The felony criminal charges included provision for the payment of a fine and forfeiture of funds. The false claims portion of the settlement directs the company to pay the U.S. and states, as well as the whistle-blower in the civil case, Dinesh Thakur, of Belle Mead, New Jersey, a former Ranbaxy executive.
“While we are disappointed by the conduct of the past that led to this investigation, we strongly believe that settling this matter now is in the best interest of all of Ranbaxy’s stakeholders,” Arun Sawhney, chief executive officer and managing director of Gurgaon, India-based Ranbaxy, said in a statement. “The conclusion of the DOJ investigation does not materially impact our current financial situation or performance.”

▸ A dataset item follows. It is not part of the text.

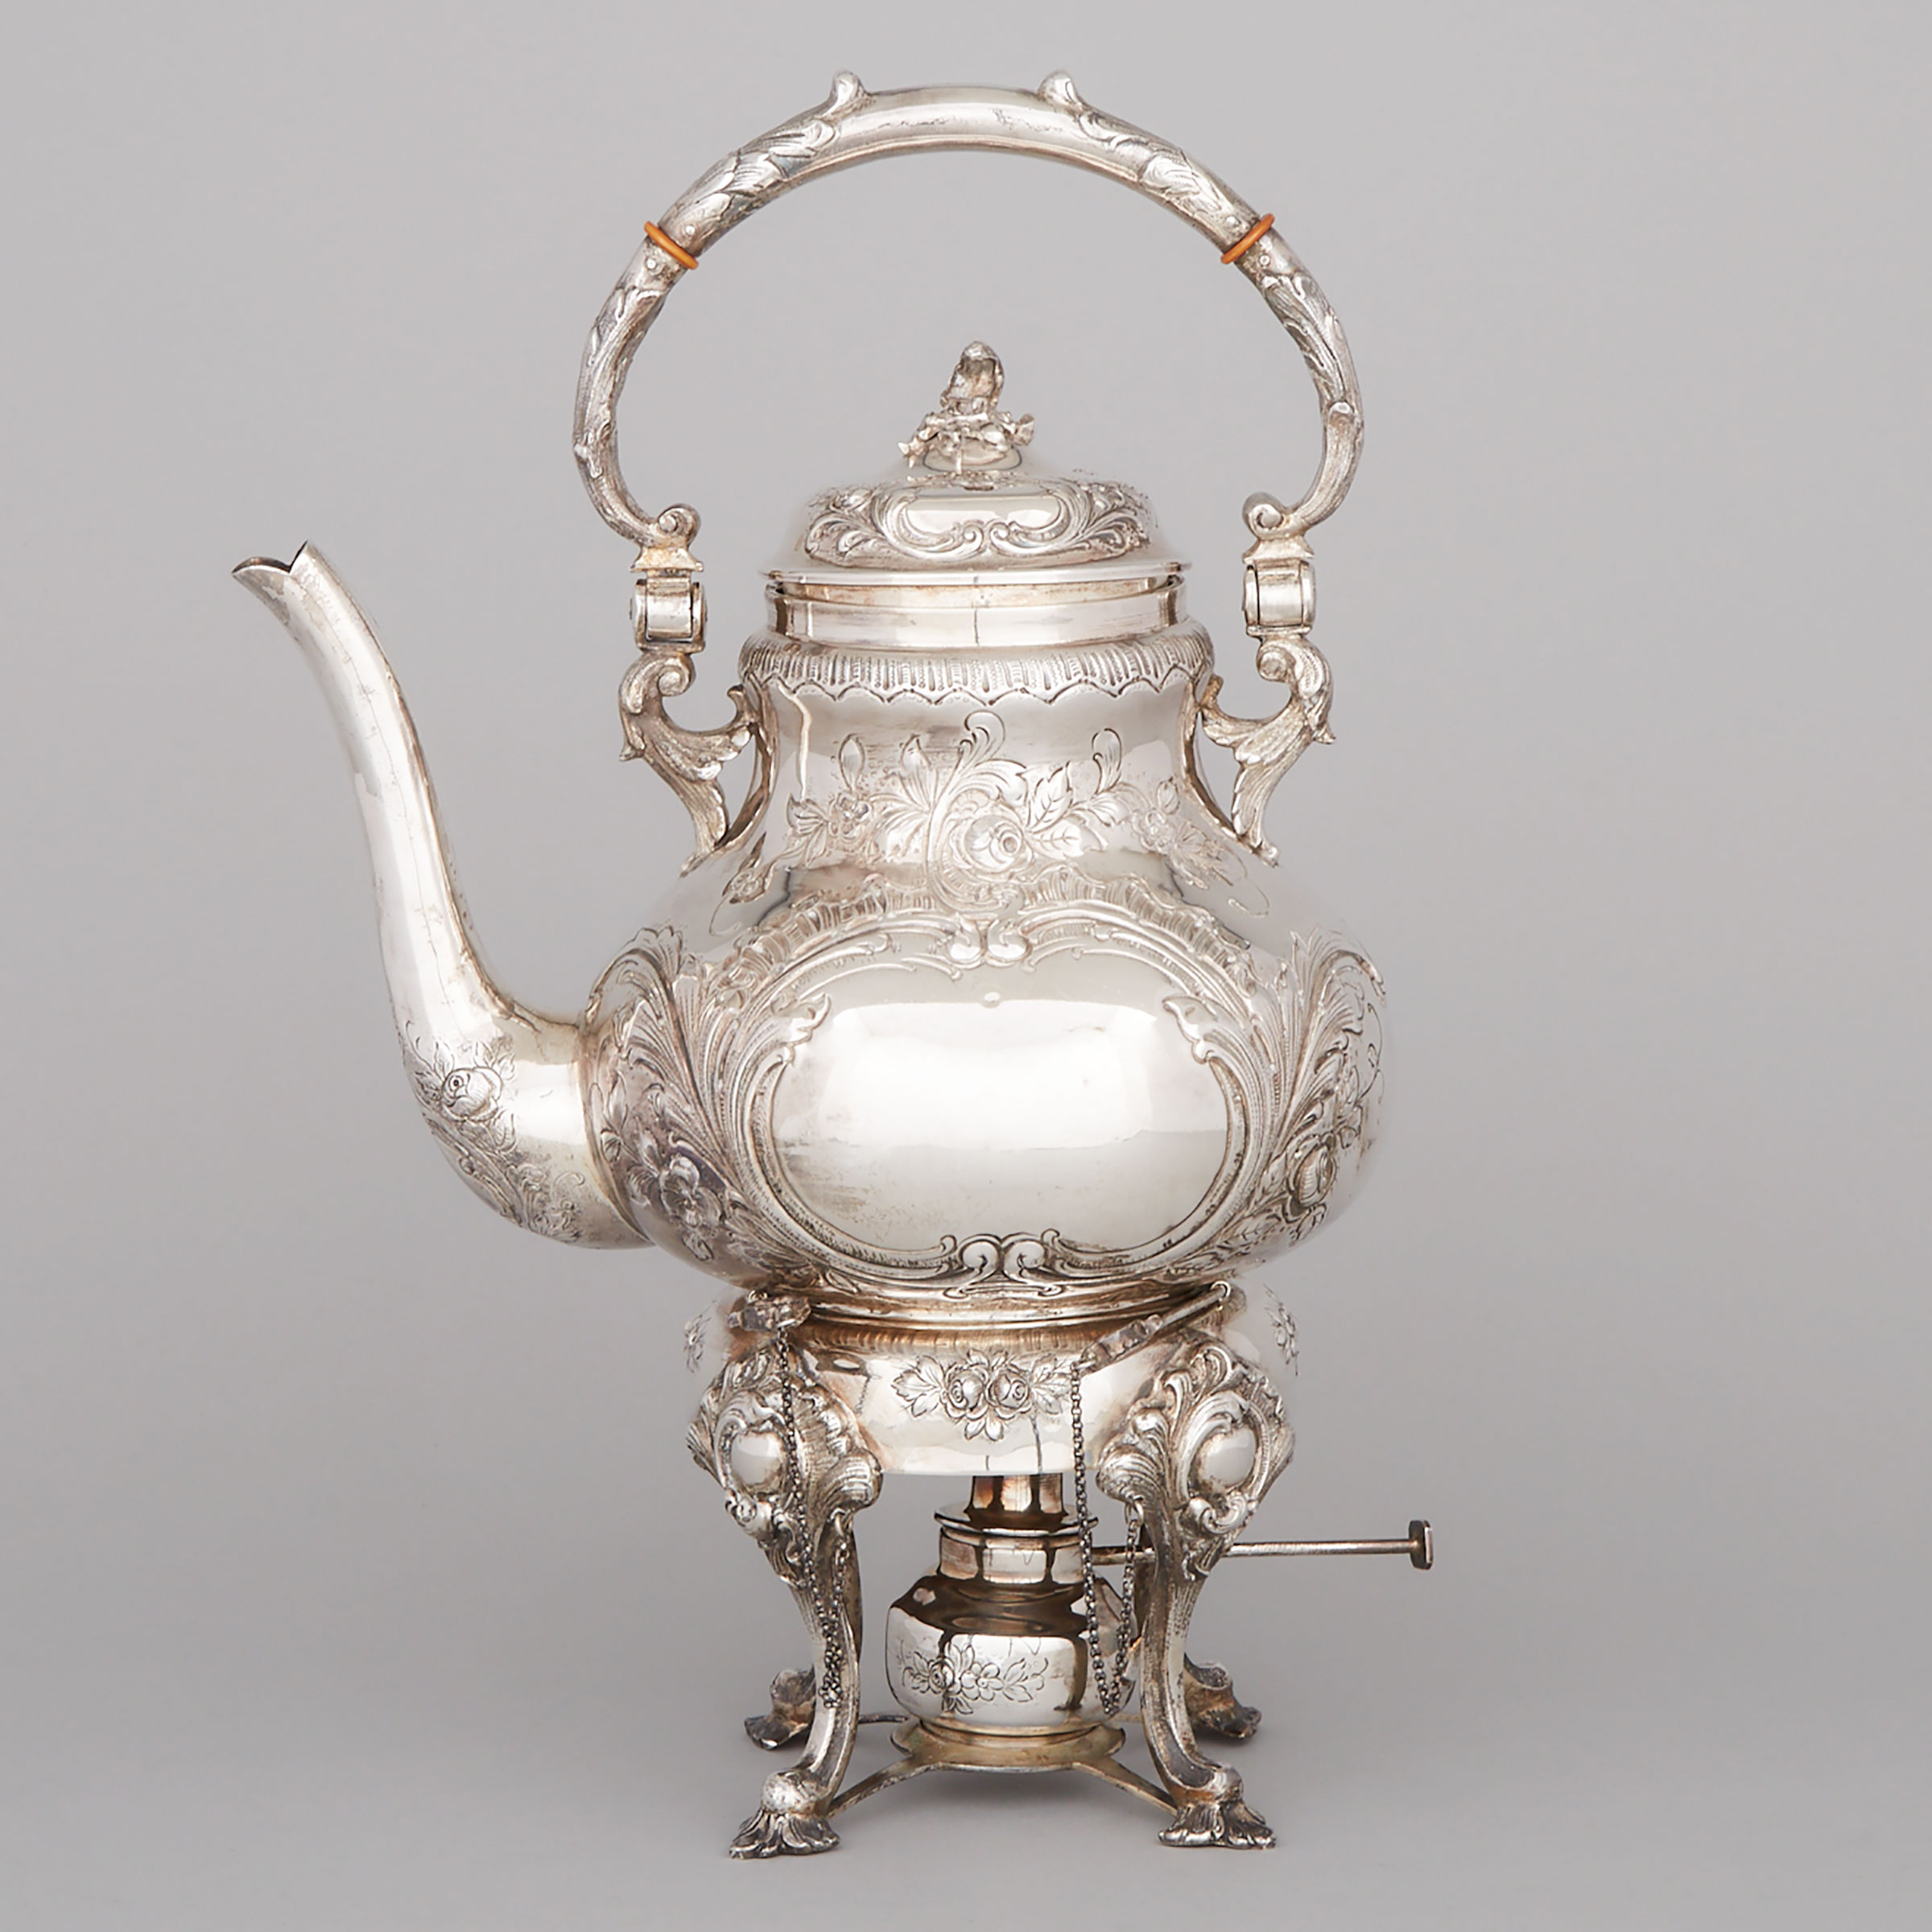 South American Silver Tea Kettle on Lampstand, 20th century

The company said in the settlement agreement to the lawsuit that it denies wrongdoing in the civil case.
The criminal case is U.S. v. Ranbaxy U.S.A., 13-cr-00238, U.S. District Court, Maryland (Baltimore). The civil case is Thakur v. Ranbaxy U.S.A. Inc., 07-cv-00962, U.S. District Court, Maryland (Baltimore).
Credit-Ratings Industry Is Oligarchy to Be Broken, Franken Says
Senator Al Franken, a Democrat from Minnesota, said financial regulators must intervene in the credit ratings industry or risk another U.S. financial “catastrophe.”
“My plea today is that you take action,” Franken said at Securities and Exchange Commission credit ratings roundtable in Washington yesterday.
Senator Roger Wicker, a Republican from Mississippi, urged the SEC to take the “next steps” to revamp industry.
Franken said his joint bill with Wicker would require the agency to name an independent board that would appoint different credit rating agencies to assign ratings based on an agency’s expertise and eventually its track record. Such a set-up would restore trust in the market and allow smaller agencies to break up the current “oligarchy,” Franken said.
SEC Commissioner Luis Aguilar, who also spoke at the roundtable, said “the past can’t be repeated.”
In November, the SEC said credit-ratings companies failed to follow their own standards, were late in downgrading deals, and delayed disclosure of methodology changes.
Dodd-Frank requires regulators to stop relying on ratings and increase oversight of companies that issue them.